In vitro studies using human liver microsomes show that tigecycline does not inhibit the metabolism mediated by any of the six cytochrome P450 (CYP) isoforms: 1A2, 2C8, 2C9, 2C19, 2D6, and 3A4, via competitive inhibition. Additionally, tigecycline does not exhibit nicotinamide-adenine-dinucleotide-phosphate-dependent inhibition of CYP2C9, CYP2C19, CYP2D6, and CYP3A, suggesting absence of suicide inhibition of these CYP enzymes.
Elimination.
Measurement of total radioactivity in feces and urine after administration of 14C-tigecycline shows that 59% of the dose is excreted in feces and bile, and 33% in urine. Overall, the main route of tigecycline elimination is excretion of unchanged tigecycline via bile. Secondary pathways include glucuronide formation and unchanged renal excretion. Total clearance of tigecycline after intravenous administration is 24 L/h, and renal clearance is approximately 13% of total clearance. Tigecycline exhibits polyexponential elimination from serum; with multiple dosing, the mean elimination half-life is 42 hours, although there is considerable inter-subject variability.

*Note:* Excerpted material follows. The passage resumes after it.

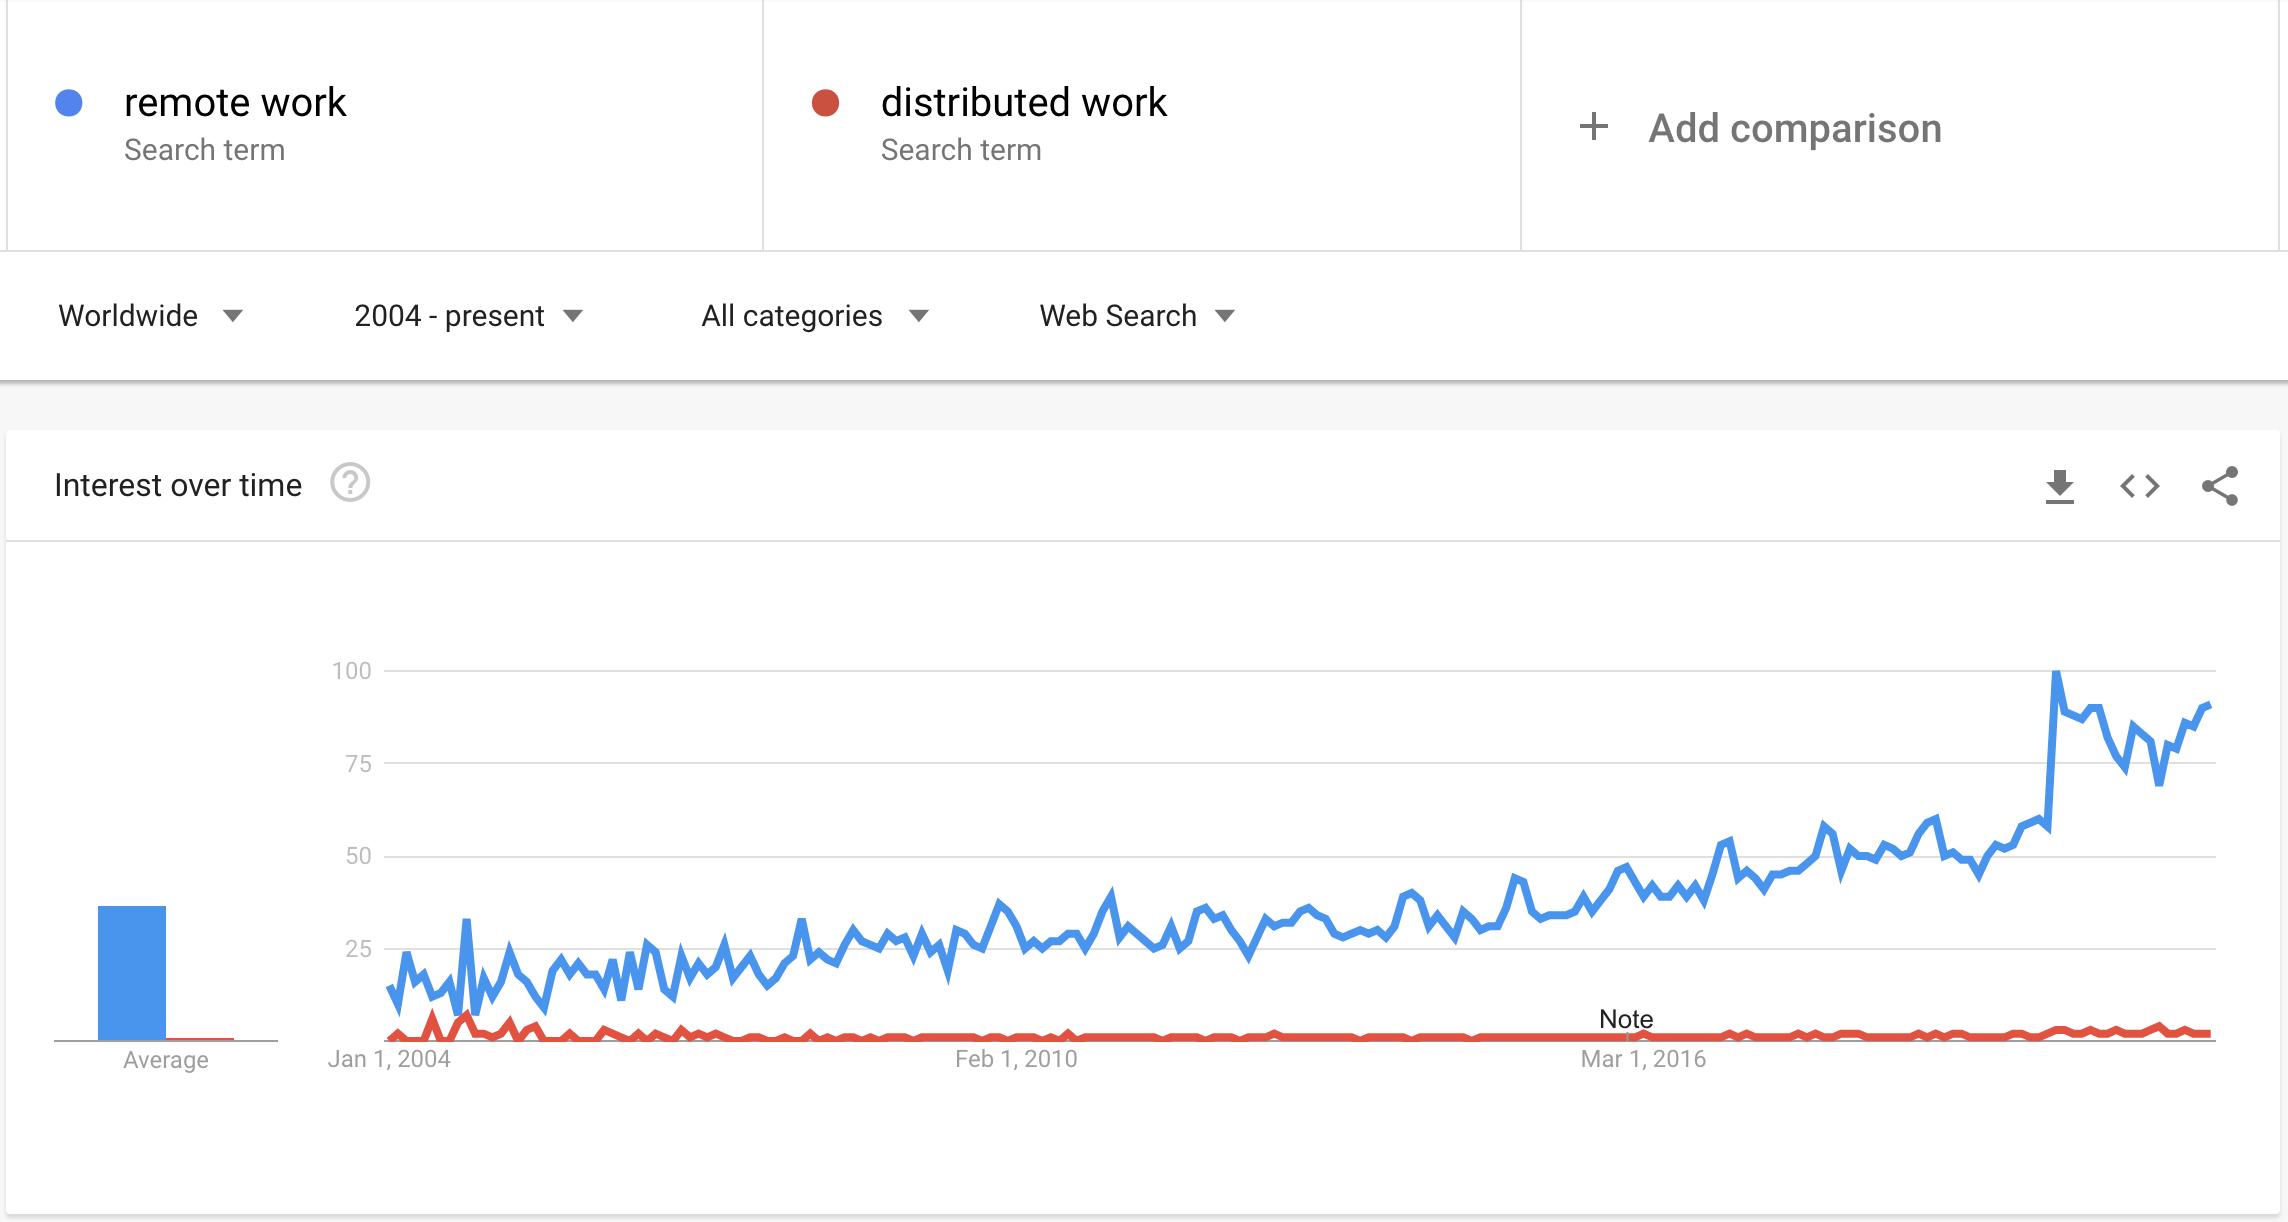 remote vs distributed work

In vitro studies using Caco-2 cells demonstrate that tigecycline does not inhibit digoxin efflux, indicating that tigecycline is not a P-glycoprotein inhibitor. These in vitro findings are consistent with the lack of effect of tigecycline on digoxin clearance observed in the in vivo drug interaction study described below (see section "Interaction with other medicinal products and other forms of interaction").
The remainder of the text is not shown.